Starting at the line that contains "Where Is Bali", write out each line through the end of the data below, exactly as it stands. Skip any pictures.

**Dataset excerpt**
------------------------------------

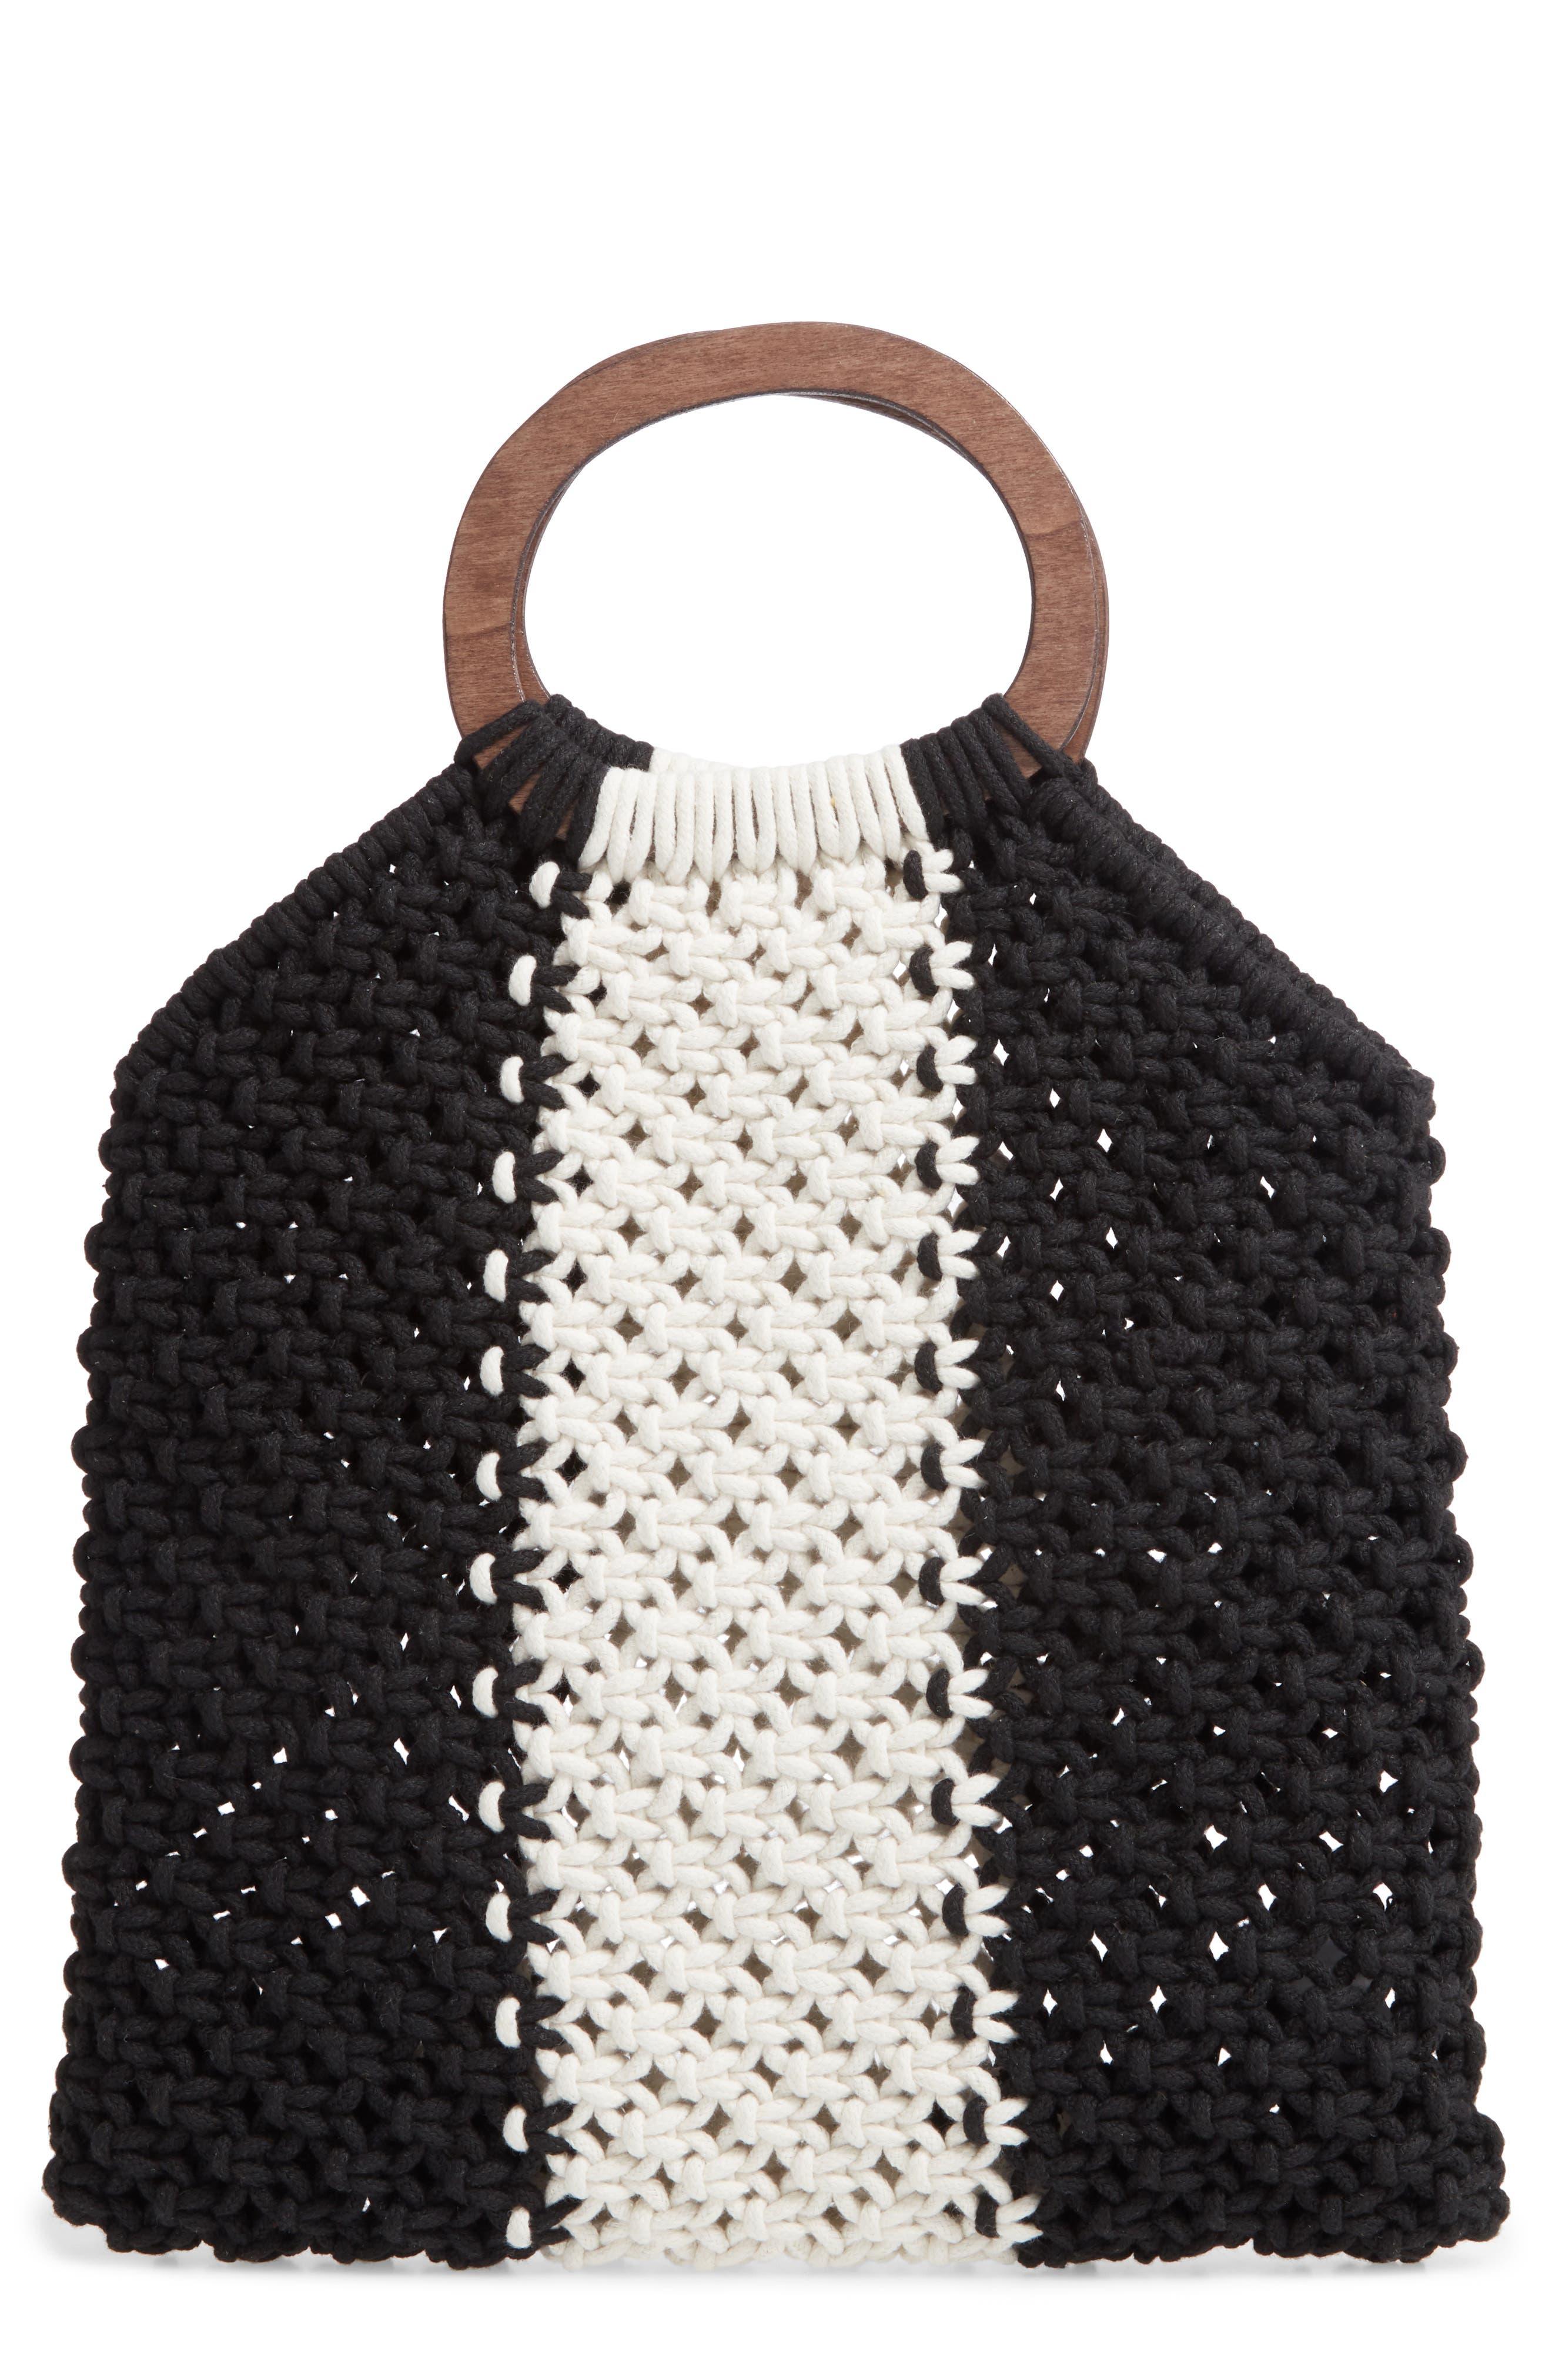 Mali + Lili Riley Stripe Knit Bag
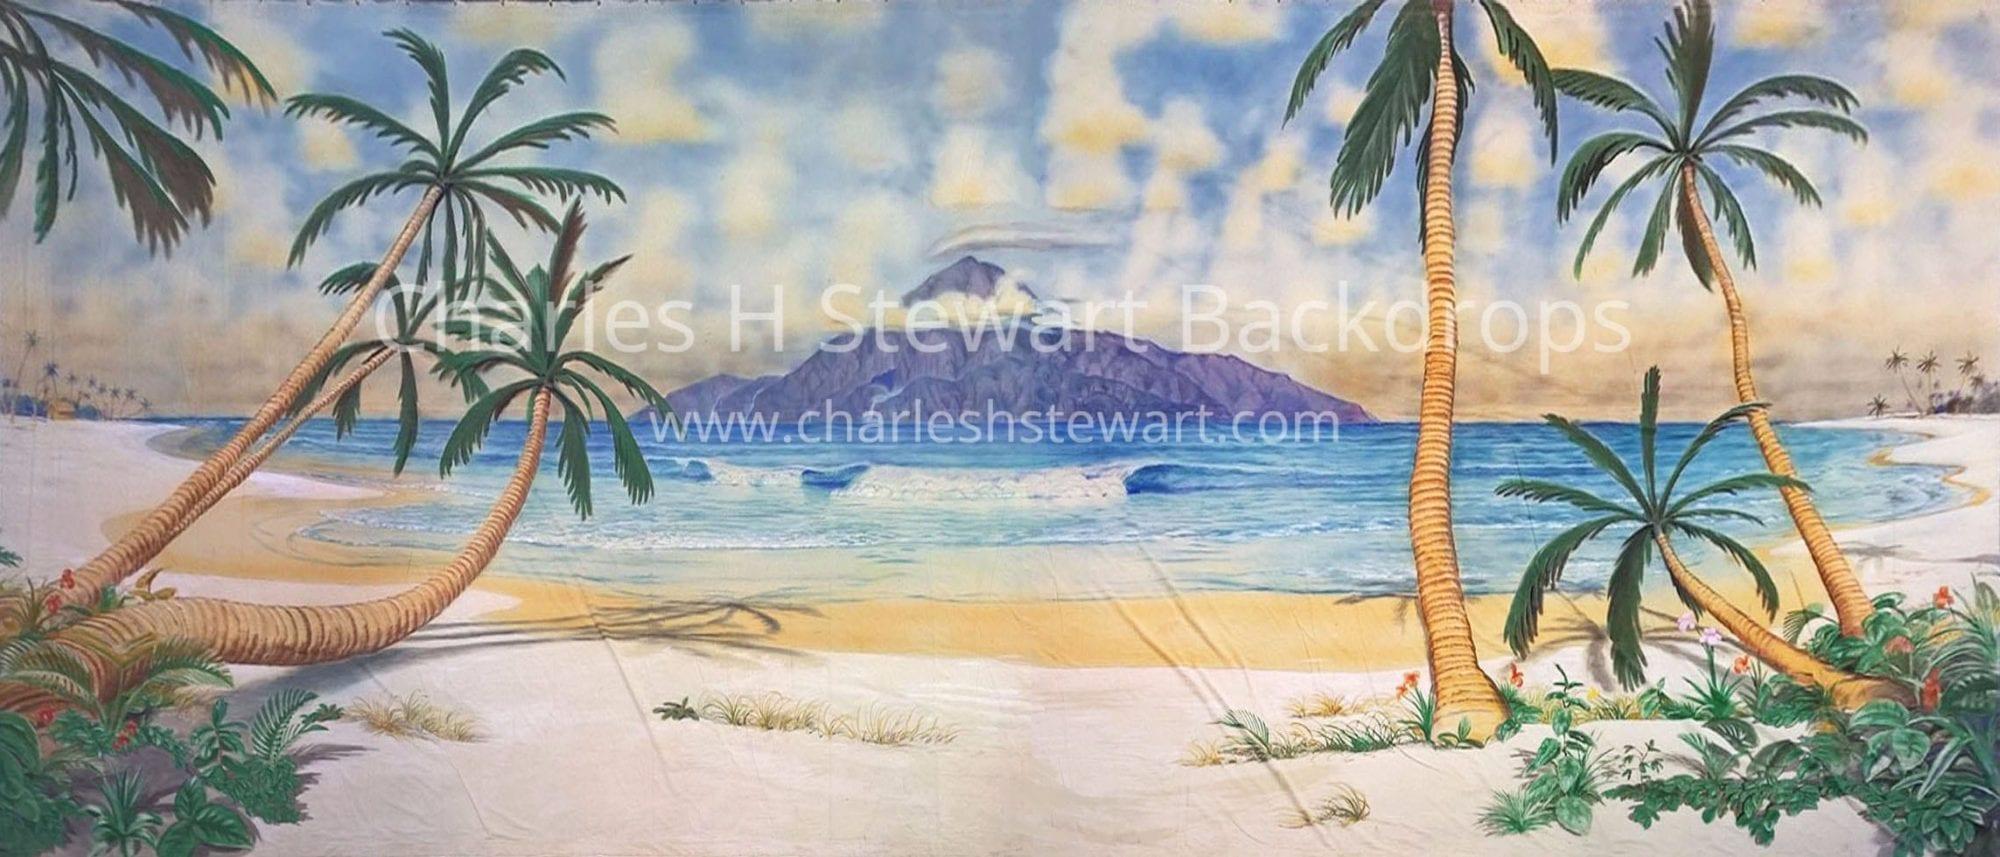 Where Is Bali Hai Island bali hai backdrop | backdrops by charles h. stewart
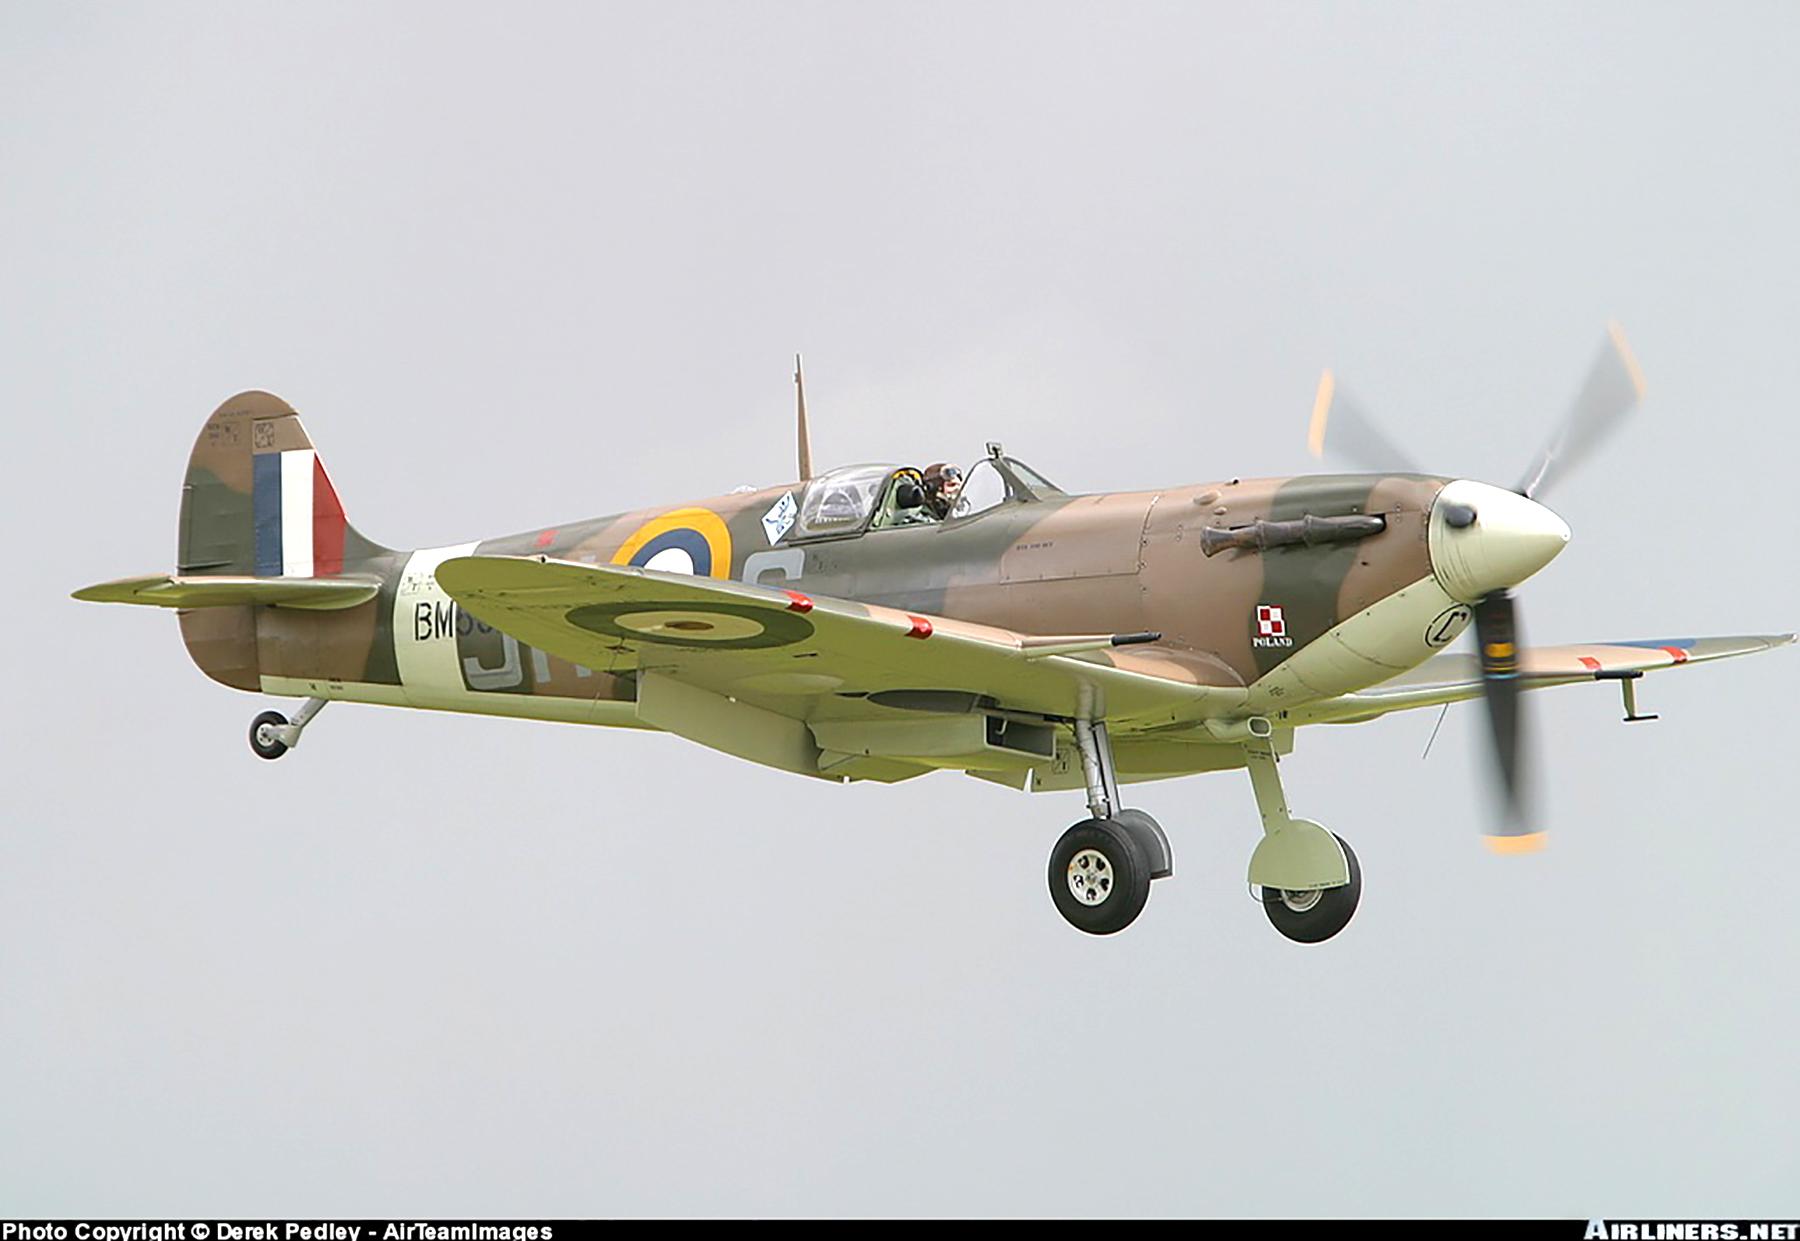 Airworthy Spitfire warbird MkVb RAF 317Sqn JHC BM597 G MKVB 20
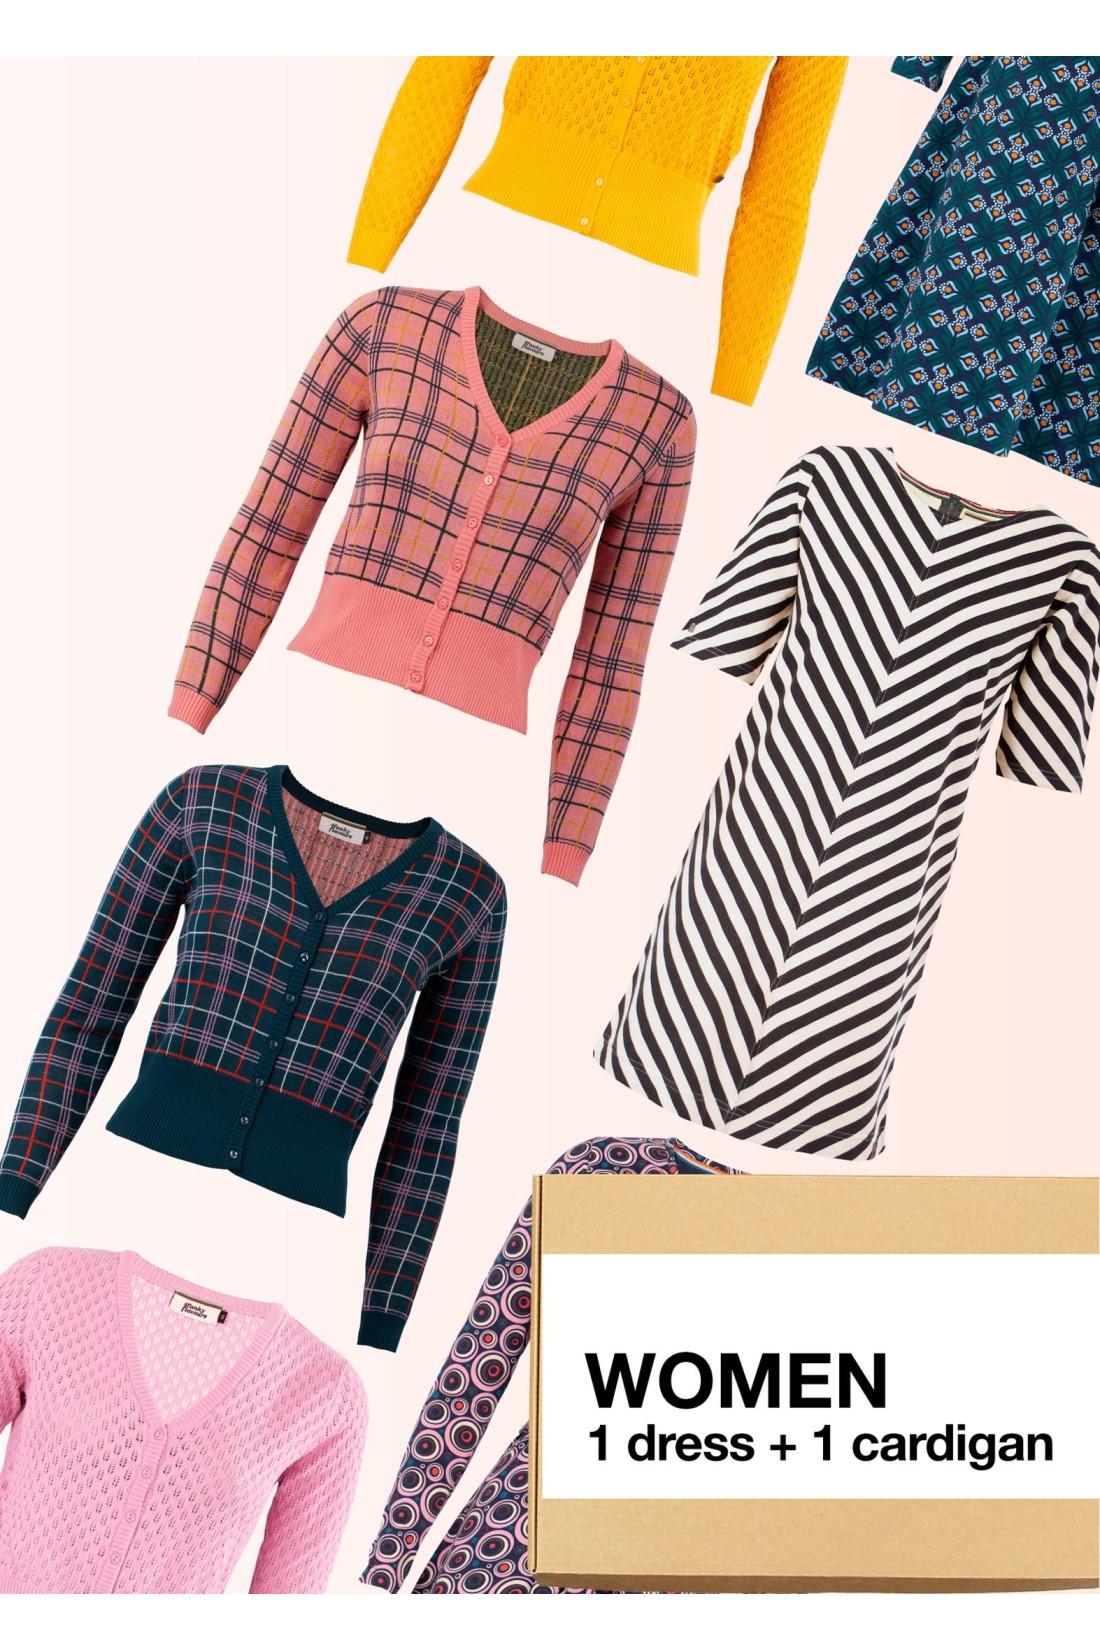 Surprise Box Women - Dress + Cardigan

------------------------------------

**Reply**
 Where Is Bali Hai Island bali hai backdrop | backdrops by charles h. stewart
 Airworthy Spitfire warbird MkVb RAF 317Sqn JHC BM597 G MKVB 20
 Surprise Box Women - Dress + Cardigan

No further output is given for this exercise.